# £3 from Morrisons!!



## Megzilla (Oct 12, 2009)

My mum and my bf were walking through morrisons a few days ago, when i spotted something that acctually made me squeal!
there are boxes in Morrisons for £3 that are perfect for a group of mice! they're fairly shallow but mice can't reach the top if they stretch up fully, and they look and feel pretty sturdy. There is a smaller size which i think wwould be just right for some of you lot for buck boxes (£2). There's 2 different lid colours to choose from- maroon and silver.

I bought 4 big ones this morning, and i'm going to buy smaller spaced mesh then i have been using in the past, so i can keep mums with litters in it without worrying about any babies climbing out.

I took a few pictures so you can see what they look like. I put 3 mice inside for size comparison.

happy shopping!


----------



## Matt Haslam (Mar 13, 2010)

great, what are the lids like?

I've had problems with non 'clip top' lids


----------



## Megzilla (Oct 12, 2009)

It's not a clippy-ony like RUBS, just a lid that sometimes slightly clips together- very fustrating. I'm just gunna use a drill, soldering iron or a swiss army knife to make two holes in the handles, and put something curved like a tent peg in through it, so that it holds it in place  i have it all planned out haha. I'll post pictures of the finished thing when it's done. It *will* work (i hope!)


----------



## Matt Haslam (Mar 13, 2010)

ok thanks


----------



## Cait (Oct 3, 2008)

megzilla92 said:


> It's not a *clippy-ony *like RUBS


 :lol: That's the sort of thing I would say!


----------



## Megzilla (Oct 12, 2009)

haha, i'm glad i'm not the only one like me


----------



## Shyone (Feb 1, 2010)

Hi,

I was just wondering if you have finished your box homes would love to see them. Do you know what the size of them are. Thanks


----------



## Megzilla (Oct 12, 2009)

oh yeah i forgot about this thread! I shall take pictures now =D

(thank you for reminding me :lol: )


----------



## Shyone (Feb 1, 2010)

Brilliant thank you xxx


----------



## Megzilla (Oct 12, 2009)

to stop them trying to lift the lid up i stack them and put a different cage ontop (that acctually fits perfectly!)









Ventilation strips, just enough, i'm ging to put on more when i have more spare cash









Shows you how much room the mice have to run around. It's not crowded even with 11 pups! (I took out their enrichment for the photos)









The bottle holder-i've clipped some of the wire away to make room for the bottle nib to sit in (spot the break in the mesh)

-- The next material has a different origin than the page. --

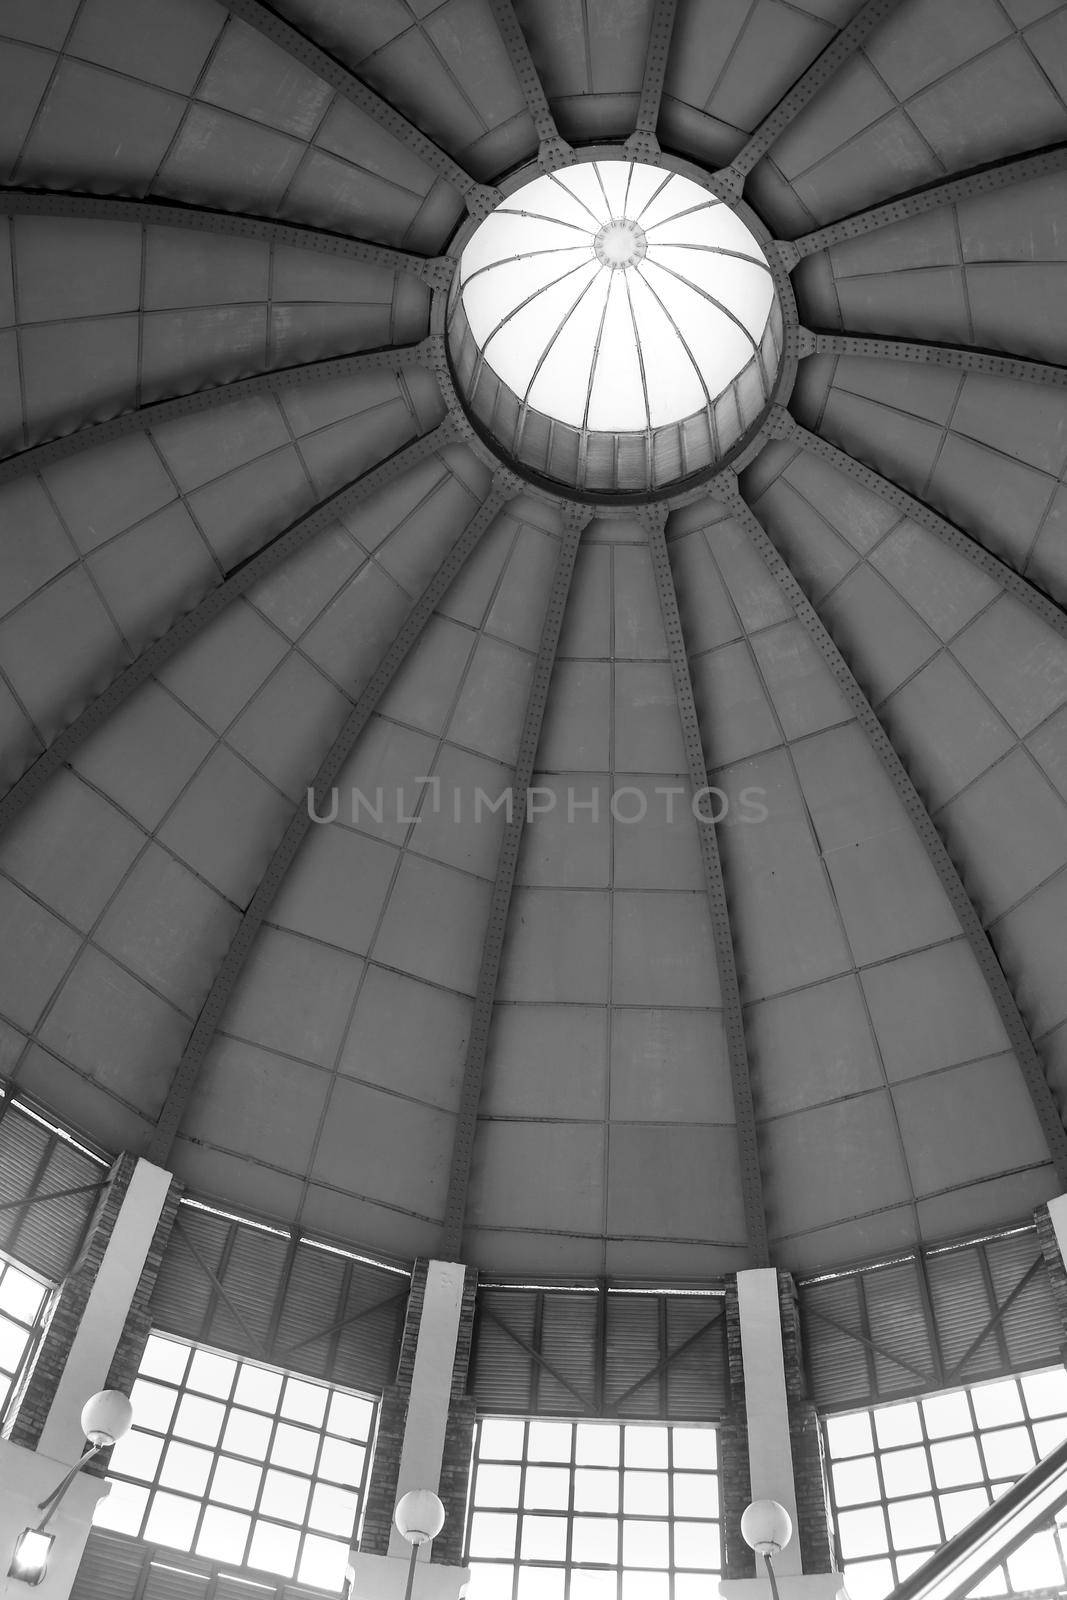 Dome of the Central Market of Alicante by soniabonet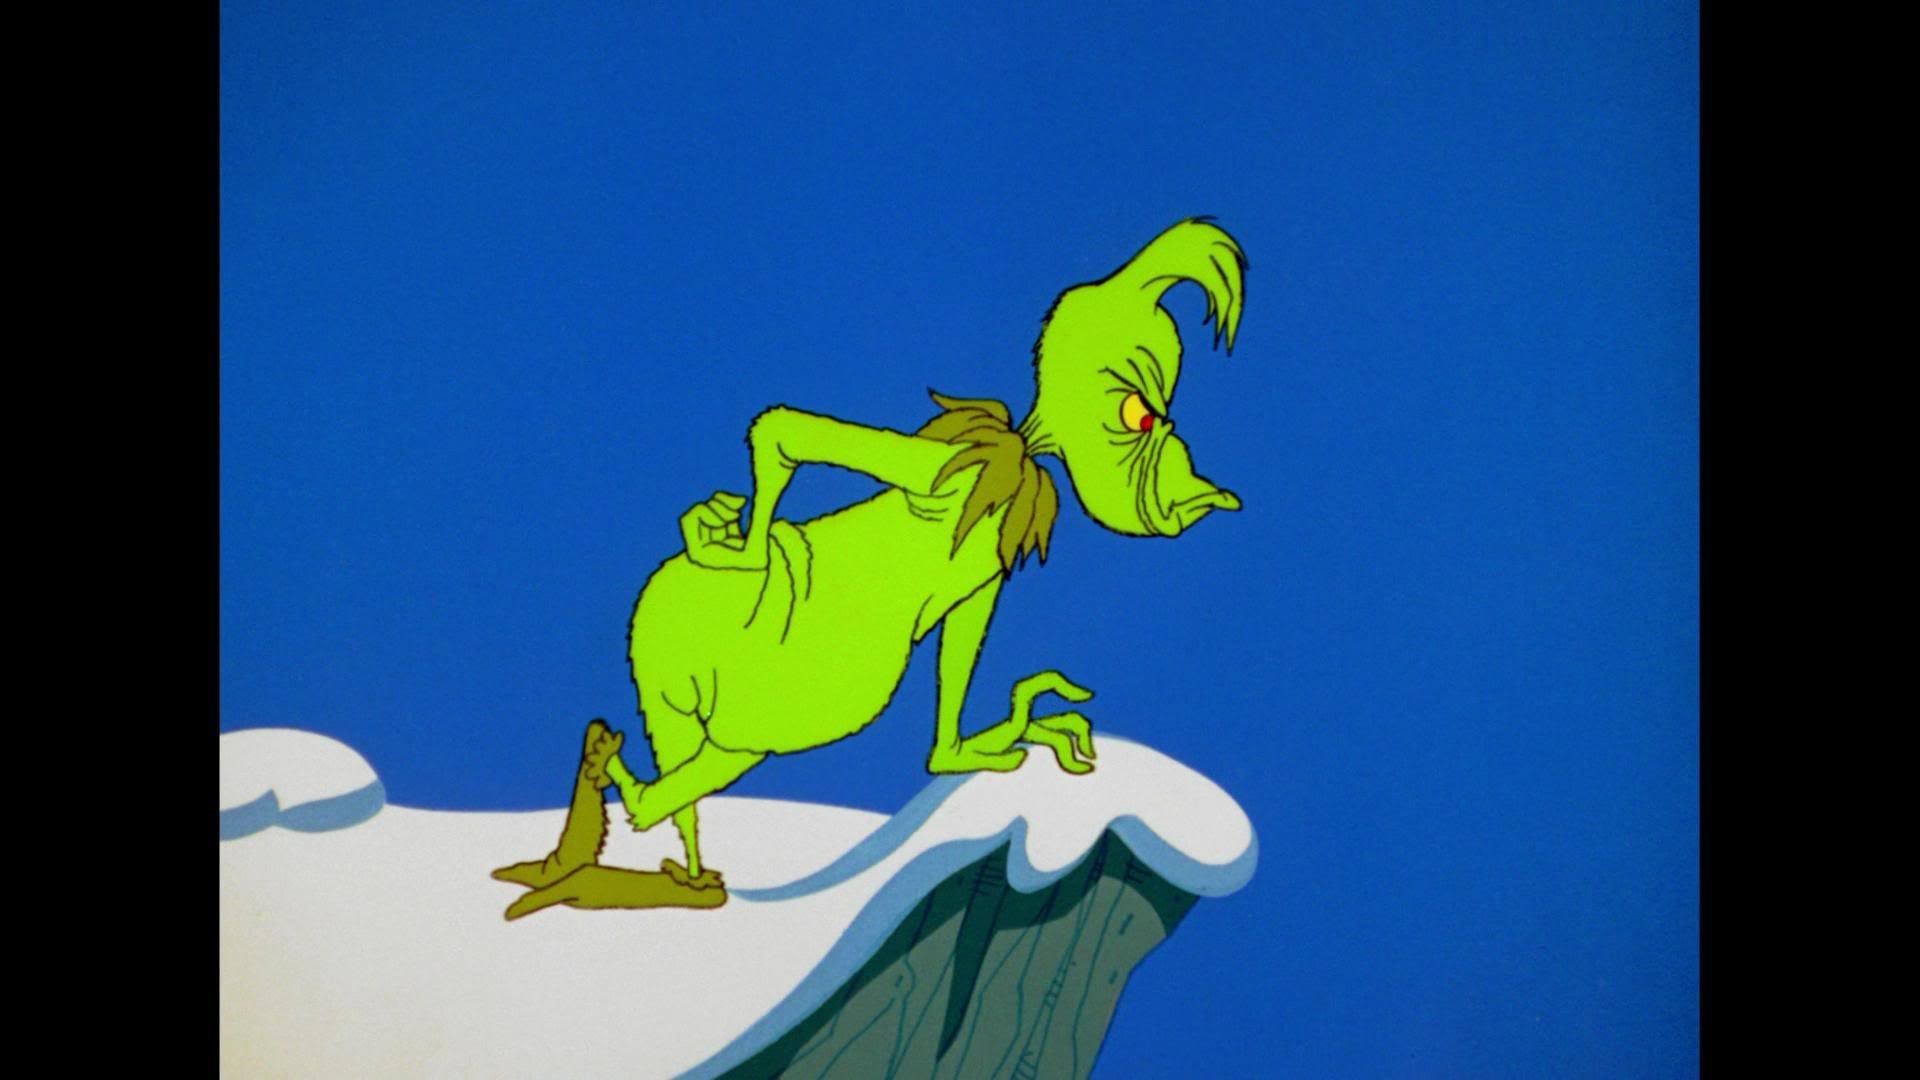 1920x1080 The Grinch Hating Christmas Wallpaper

Garden wire holds the bottle nicely, better than the metal strip that comes with the bottle, and you can adjust it so that water acctually comes out!









I'd be happy to make them for people, they're acctually kinda fun to make xD
(ps the mice cages are due for a clean out)


----------



## Megzilla (Oct 12, 2009)

Oh! and measurements-
(approx)
width- 38cm
length- 57cm
Height- 16cm


----------



## Shyone (Feb 1, 2010)

Thanks so much for showing them to us  
Thay look brilliant great job


----------



## Matt Haslam (Mar 13, 2010)

they are similar to the one's i just made, i think they work great.

nice job


----------